■ Dataset excerpt:
....
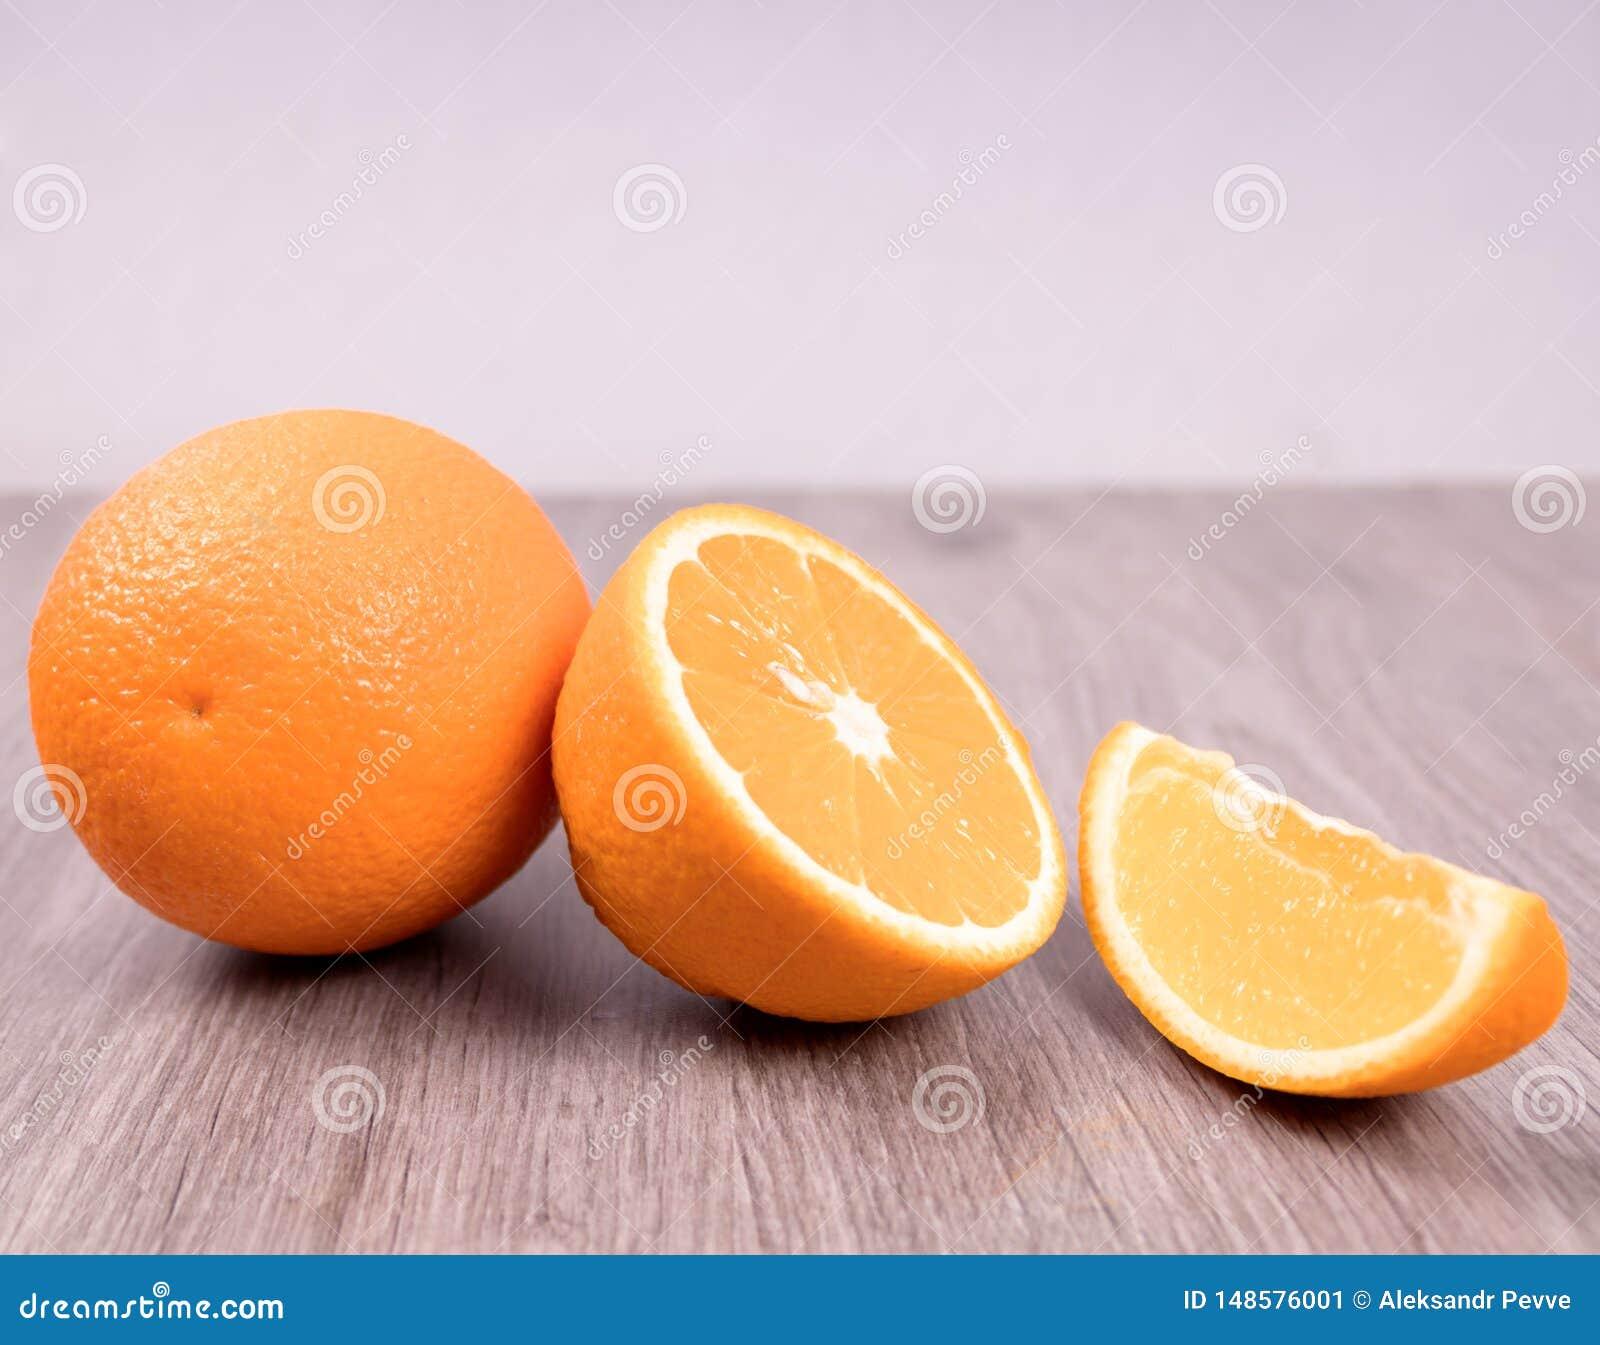 Nahaufnahme von Orangen auf einem Holztisch mit wei?em Hintergrund
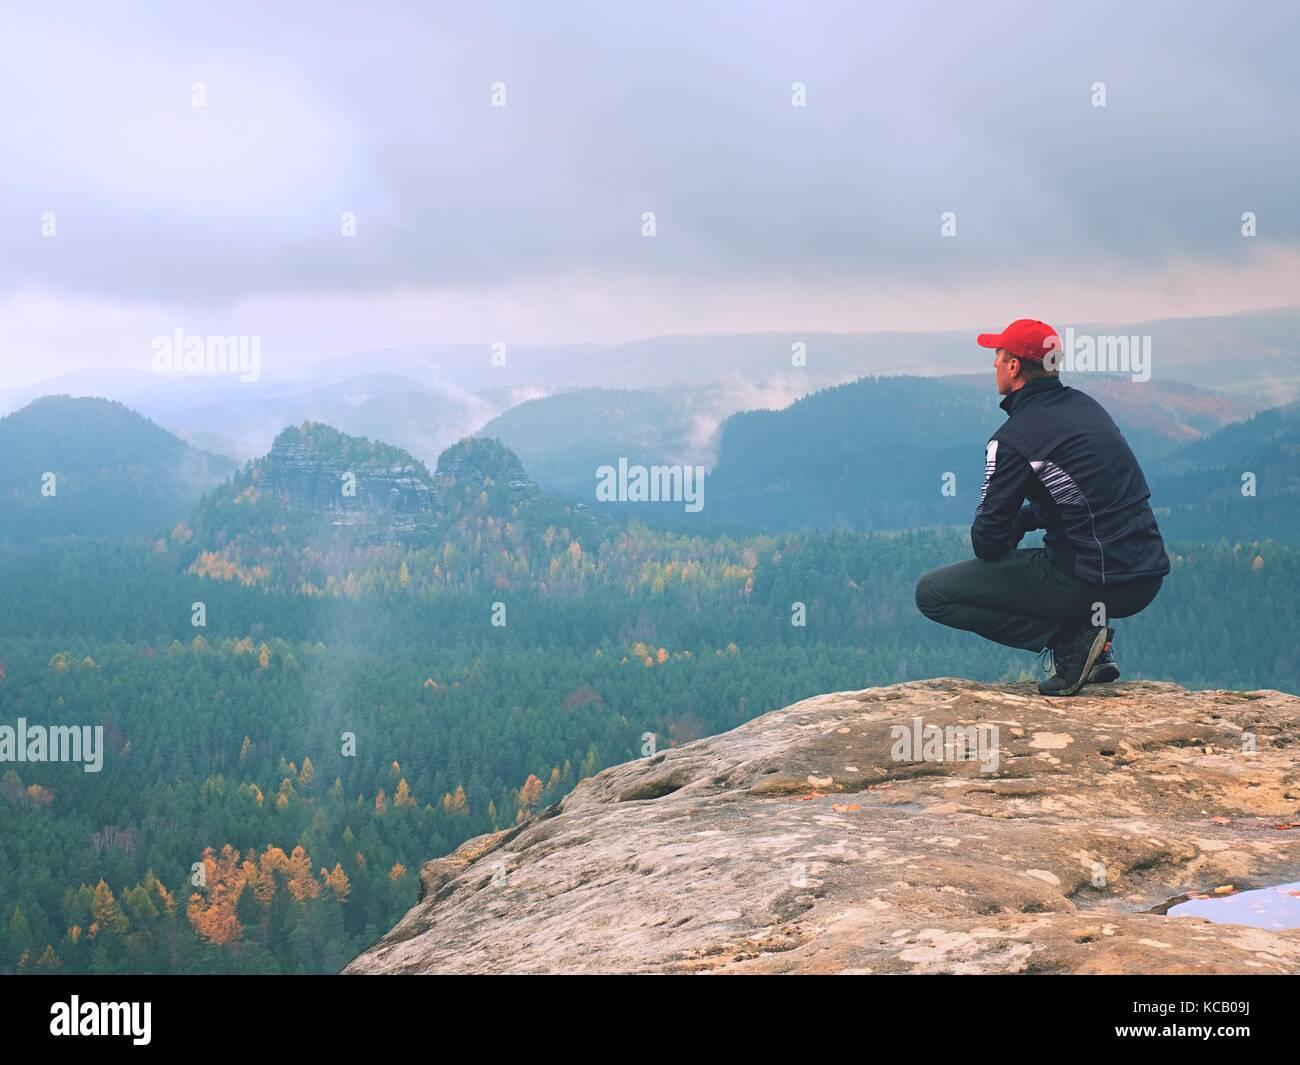 Escursionista in cappuccio rosso e nero sportswear in posizione accovacciata su una roccia e godere di uno scenario Immagini Stock
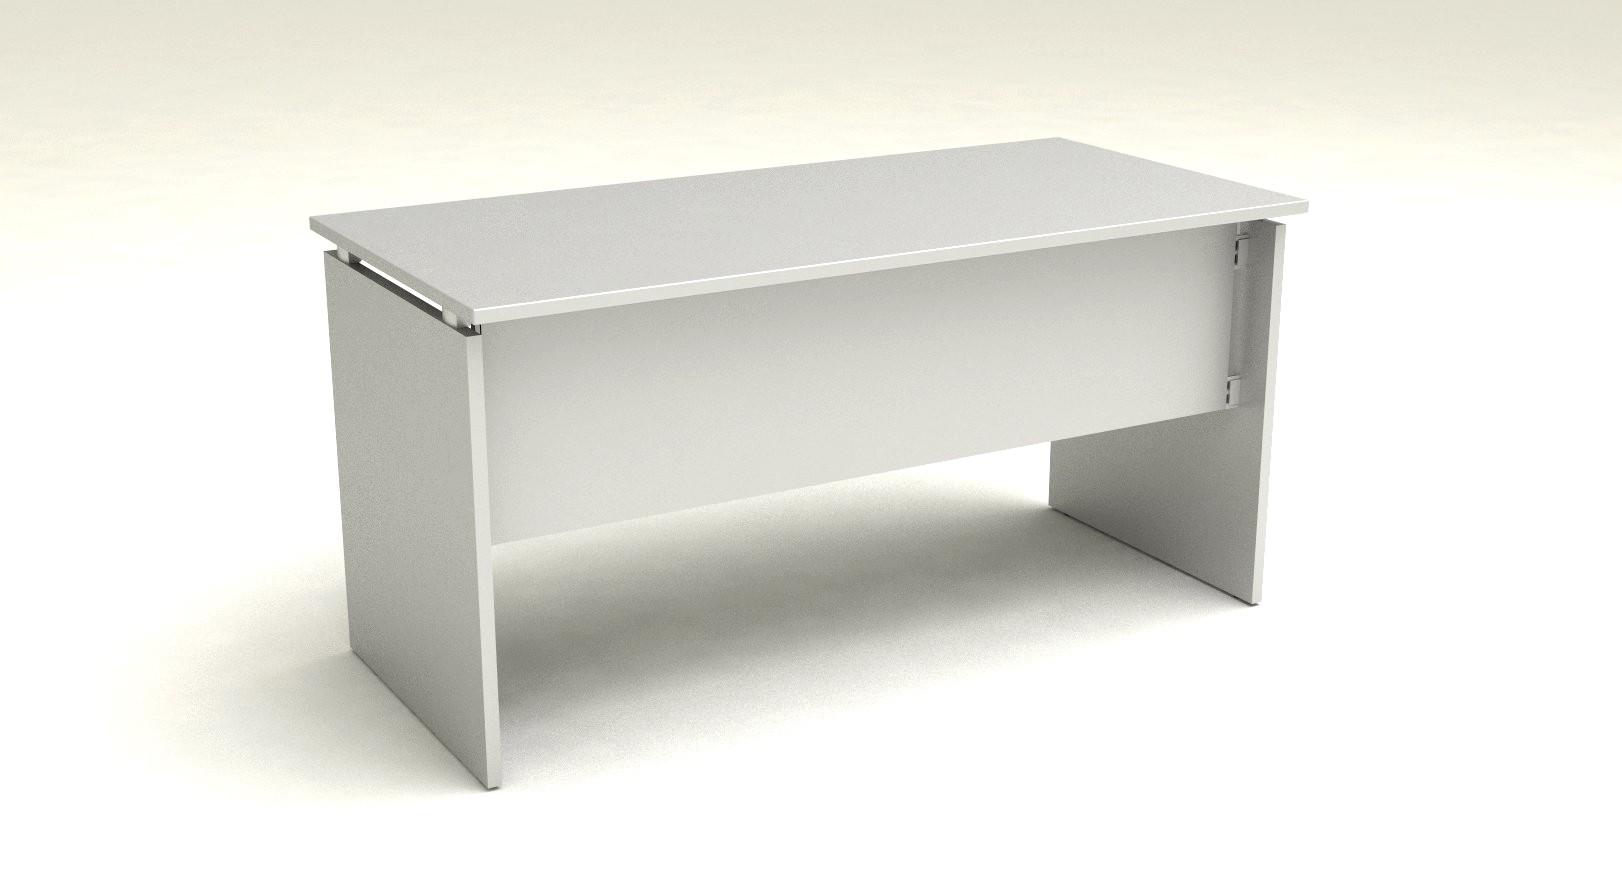 bureau pliant bureau avec pieds pliants mobilier maison bureau pliant bu83 noir achat vente. Black Bedroom Furniture Sets. Home Design Ideas
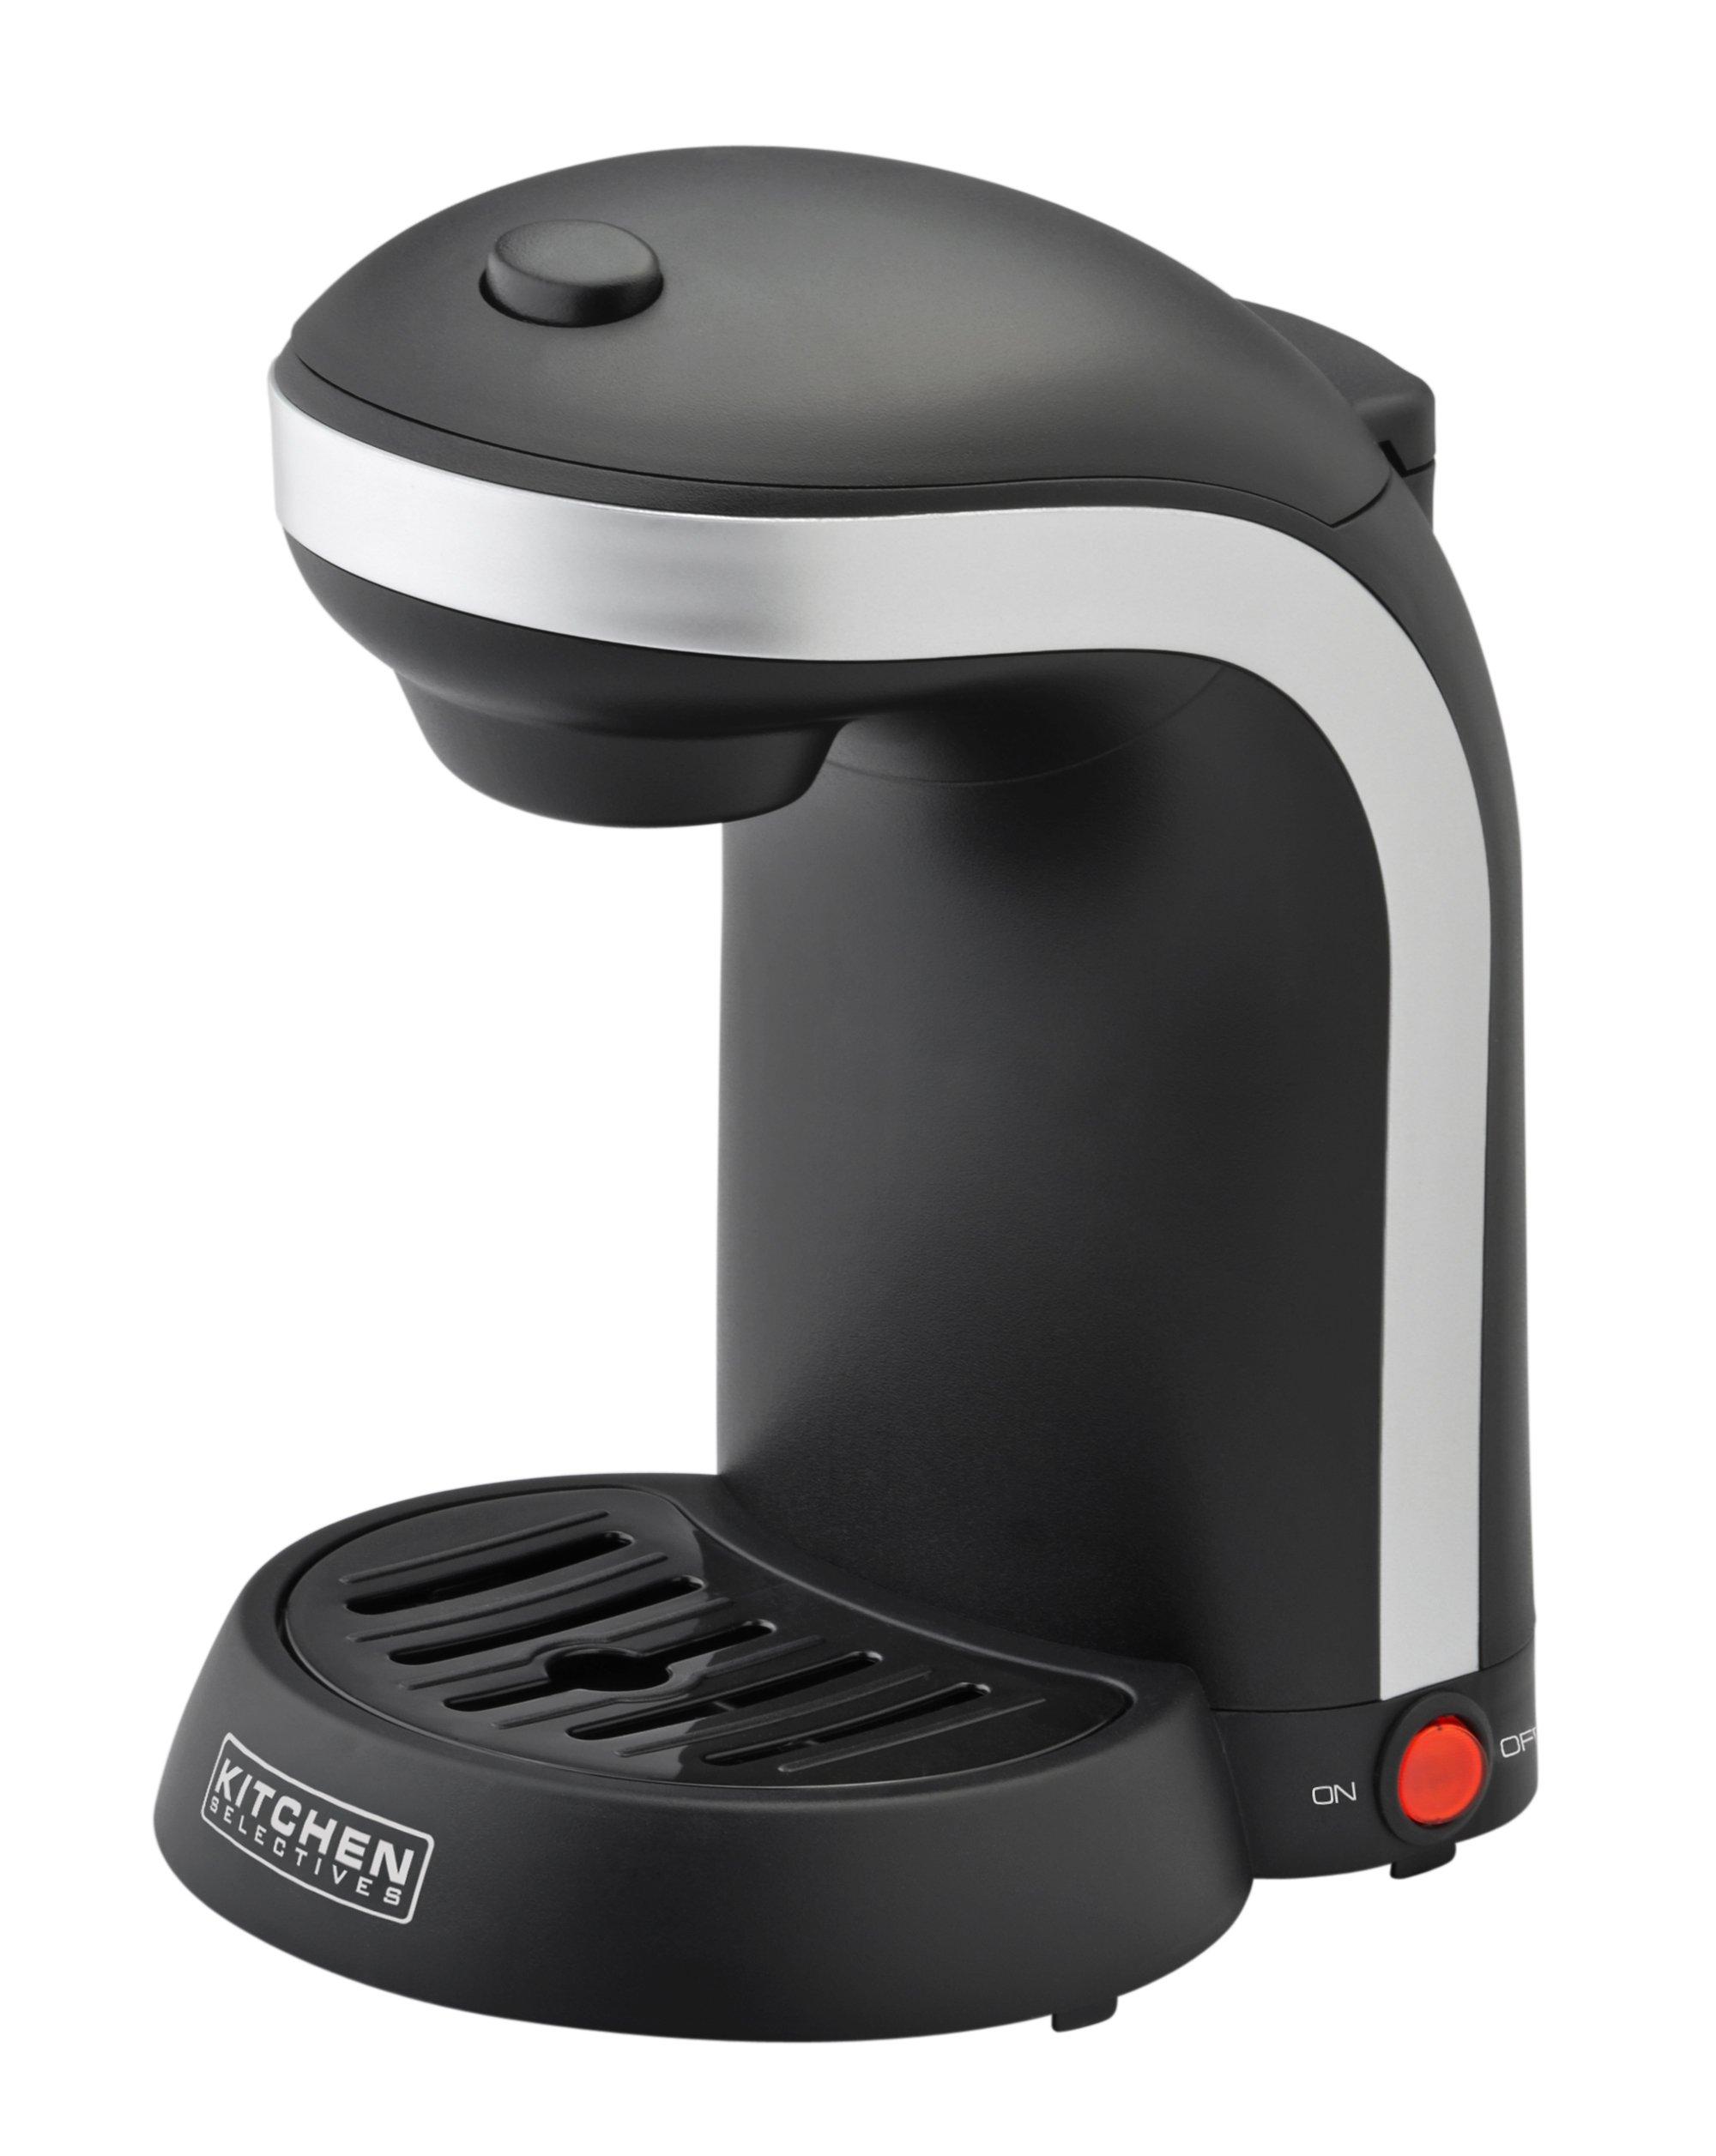 Kitchen Selectives CM-680 Single Serve Coffee Maker, Black by Kitchen Selectives
....
■ What you should do: Return the listing verbatim; pictures are not part of the copy.

■ Response area:
 Nahaufnahme von Orangen auf einem Holztisch mit wei?em Hintergrund
 Escursionista in cappuccio rosso e nero sportswear in posizione accovacciata su una roccia e godere di uno scenario Immagini Stock
 bureau pliant bureau avec pieds pliants mobilier maison bureau pliant bu83 noir achat vente. Black Bedroom Furniture Sets. Home Design Ideas
 Kitchen Selectives CM-680 Single Serve Coffee Maker, Black by Kitchen Selectives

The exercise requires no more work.